▶ _Given information_:
---

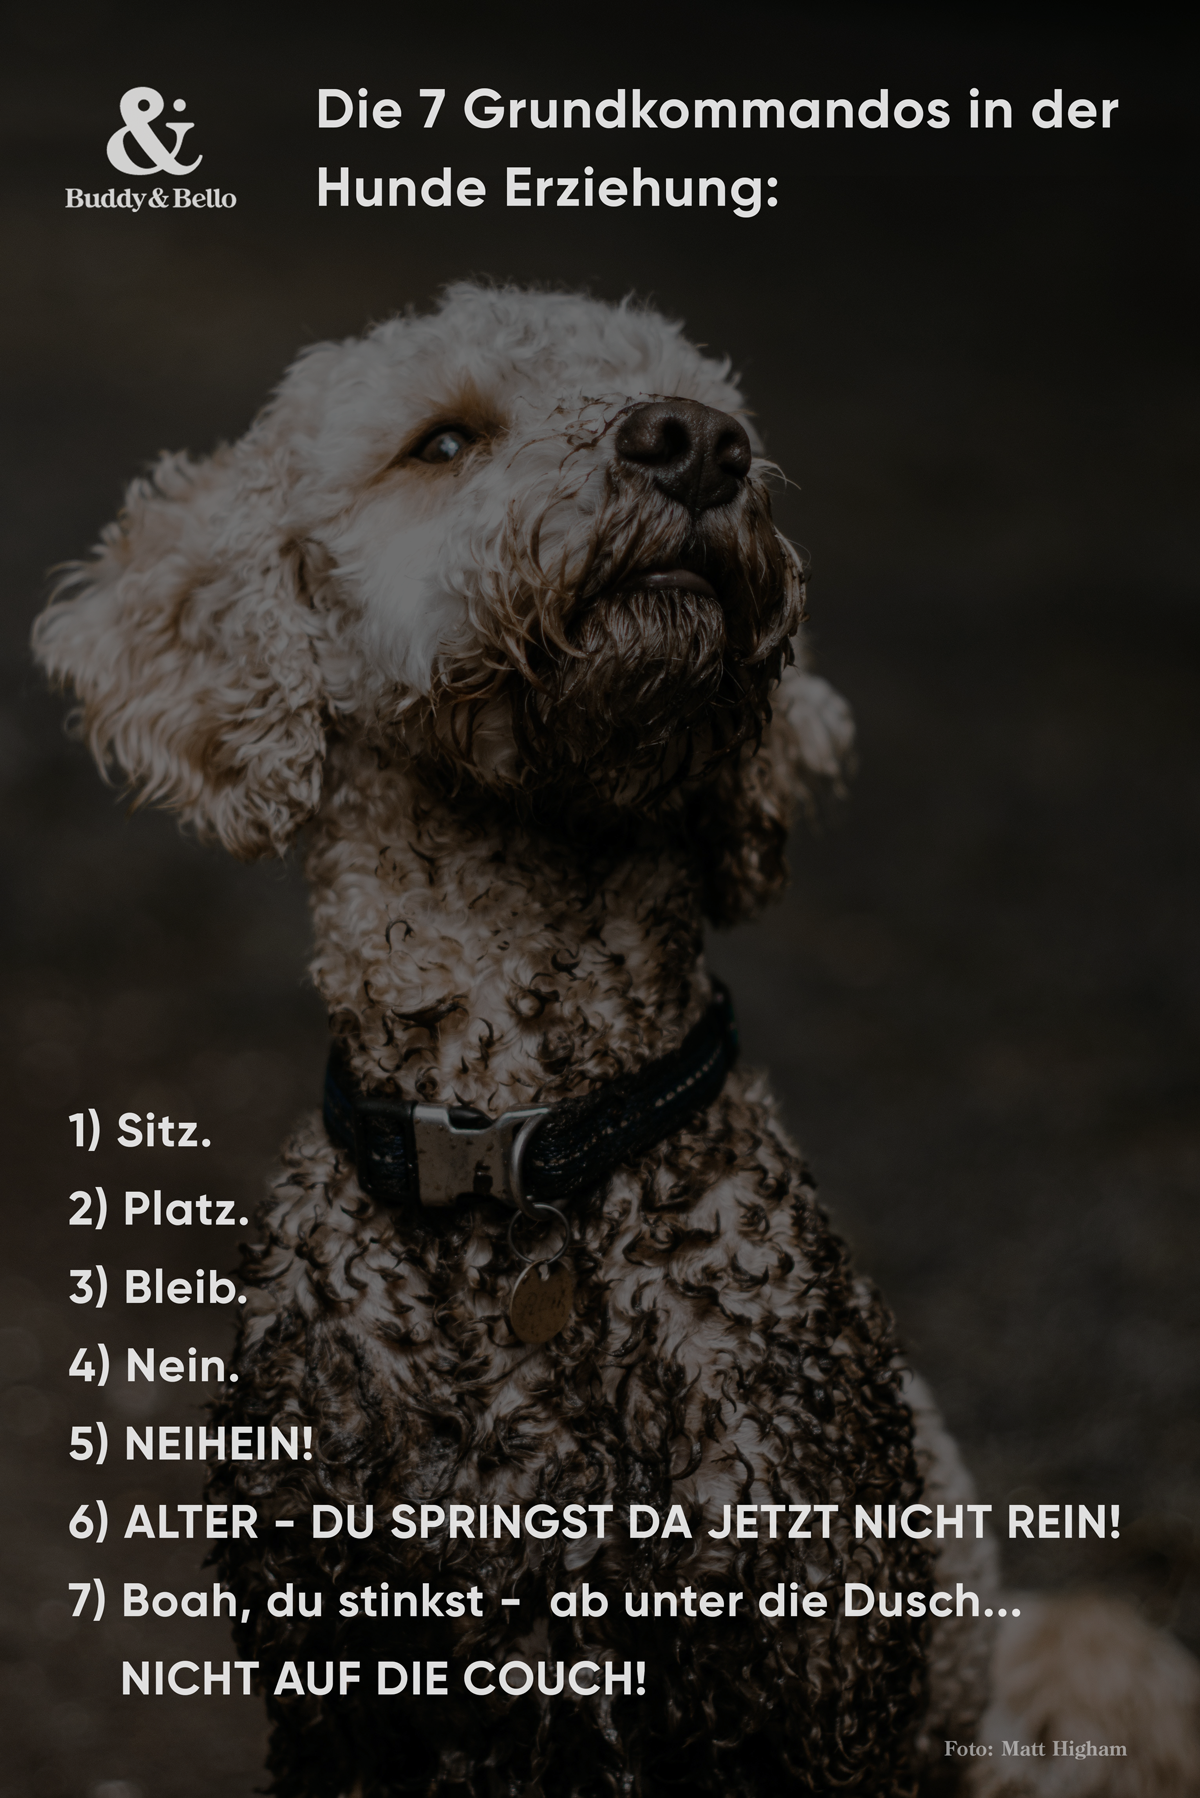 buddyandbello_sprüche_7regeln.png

---

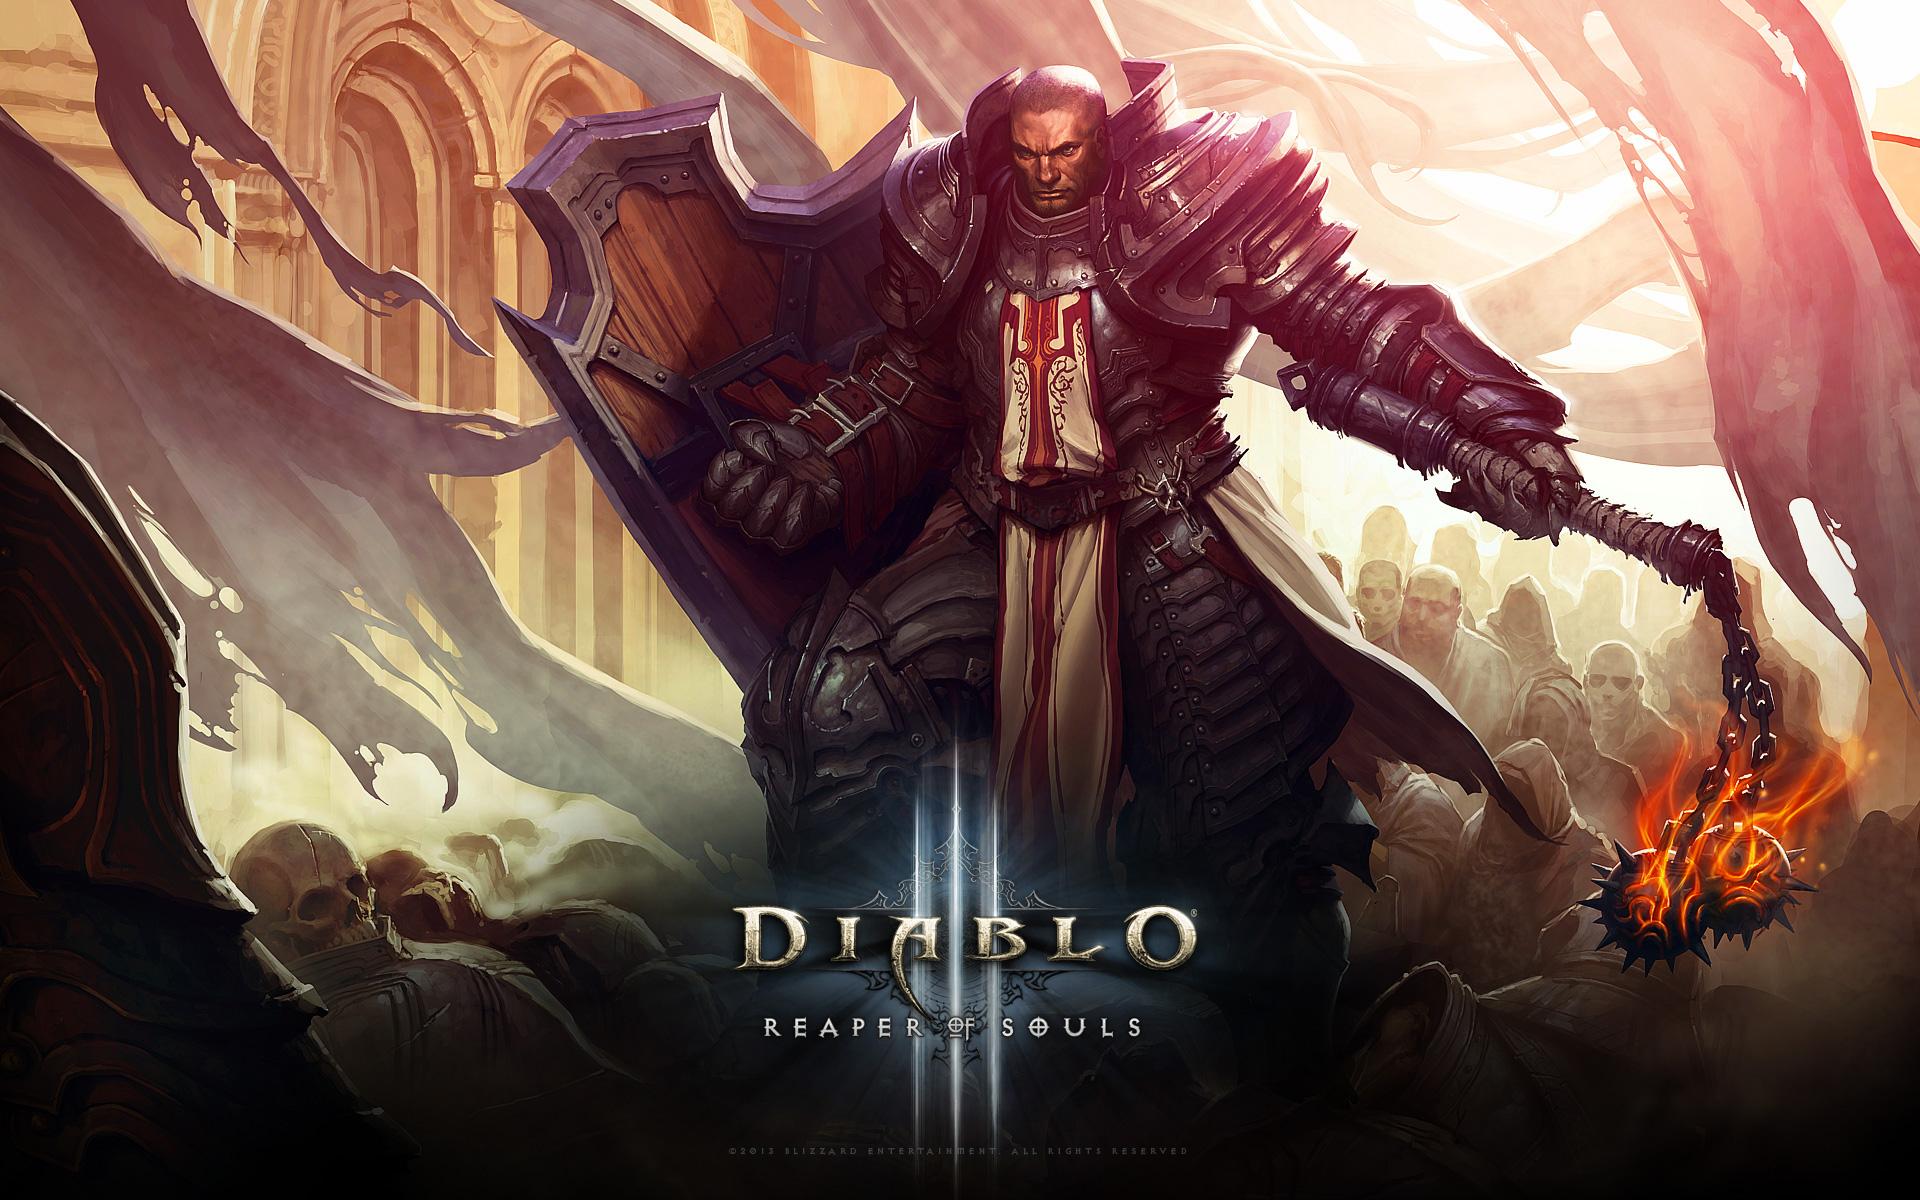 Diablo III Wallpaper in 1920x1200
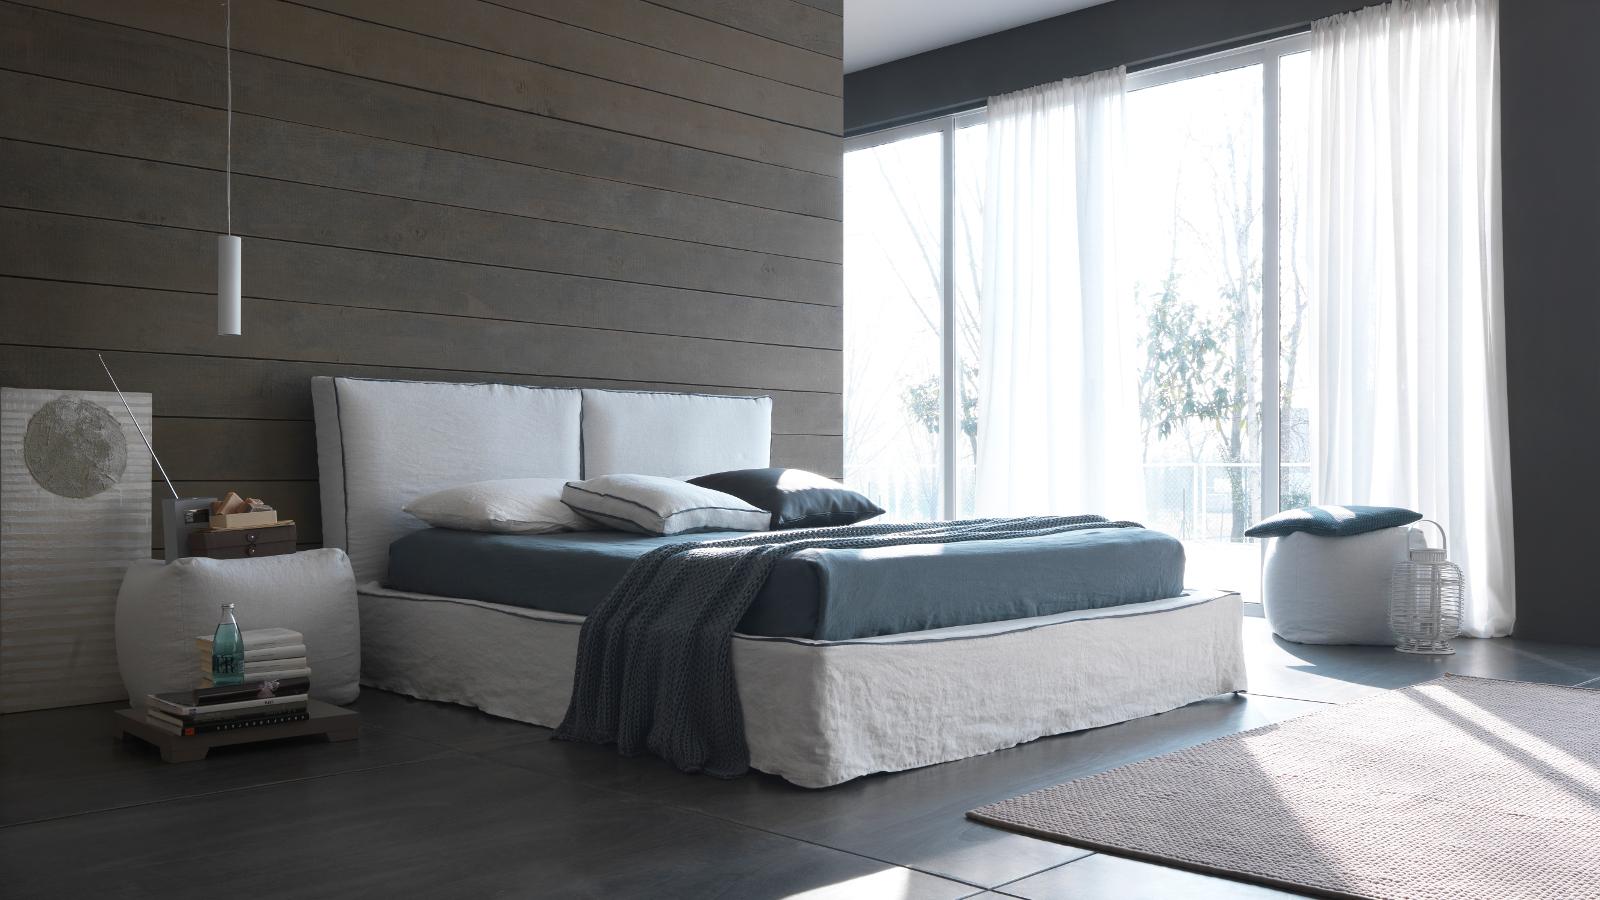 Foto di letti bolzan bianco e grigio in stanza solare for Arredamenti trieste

---

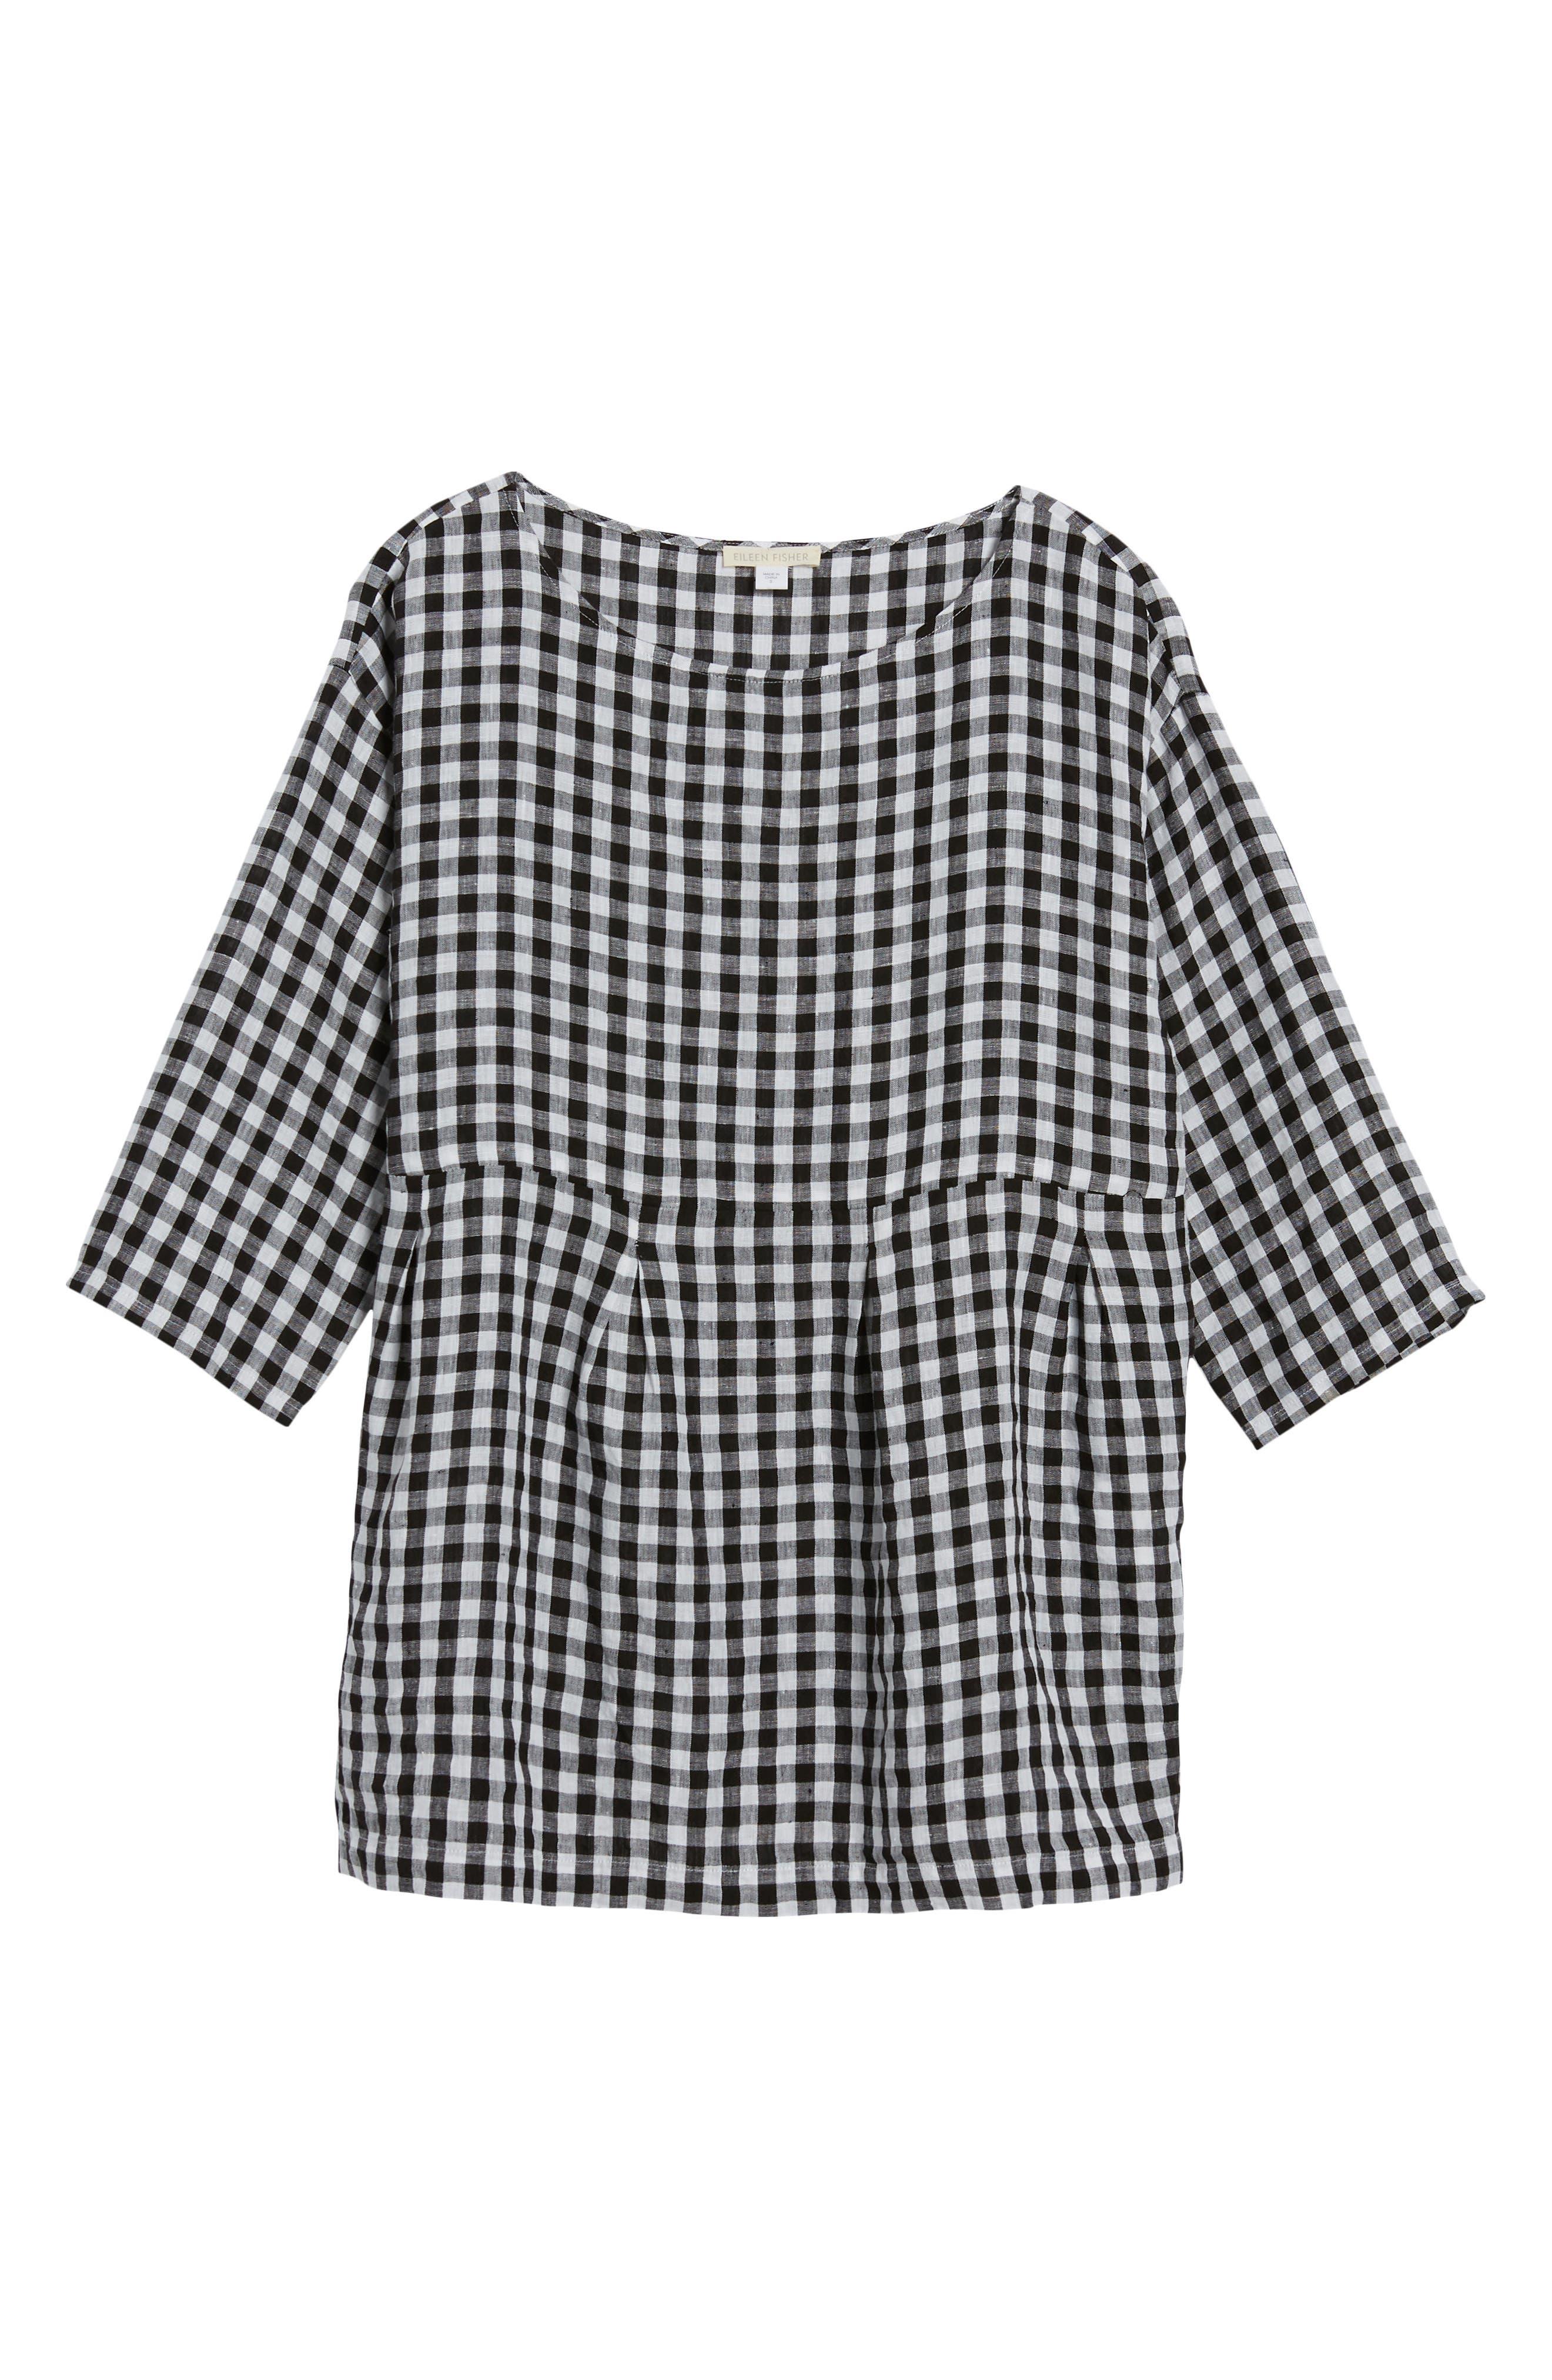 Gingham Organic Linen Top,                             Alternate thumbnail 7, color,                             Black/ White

---

▶ _Exercise details_:
In the records above, find the line with "Diablo III Wallpaper in 1920x1200" and the line with "Foto di letti"; please transcribe exactly those two lines and all lines between them, omitting any picture.

▶ _Expected output_:
 Diablo III Wallpaper in 1920x1200
 Foto di letti bolzan bianco e grigio in stanza solare for Arredamenti trieste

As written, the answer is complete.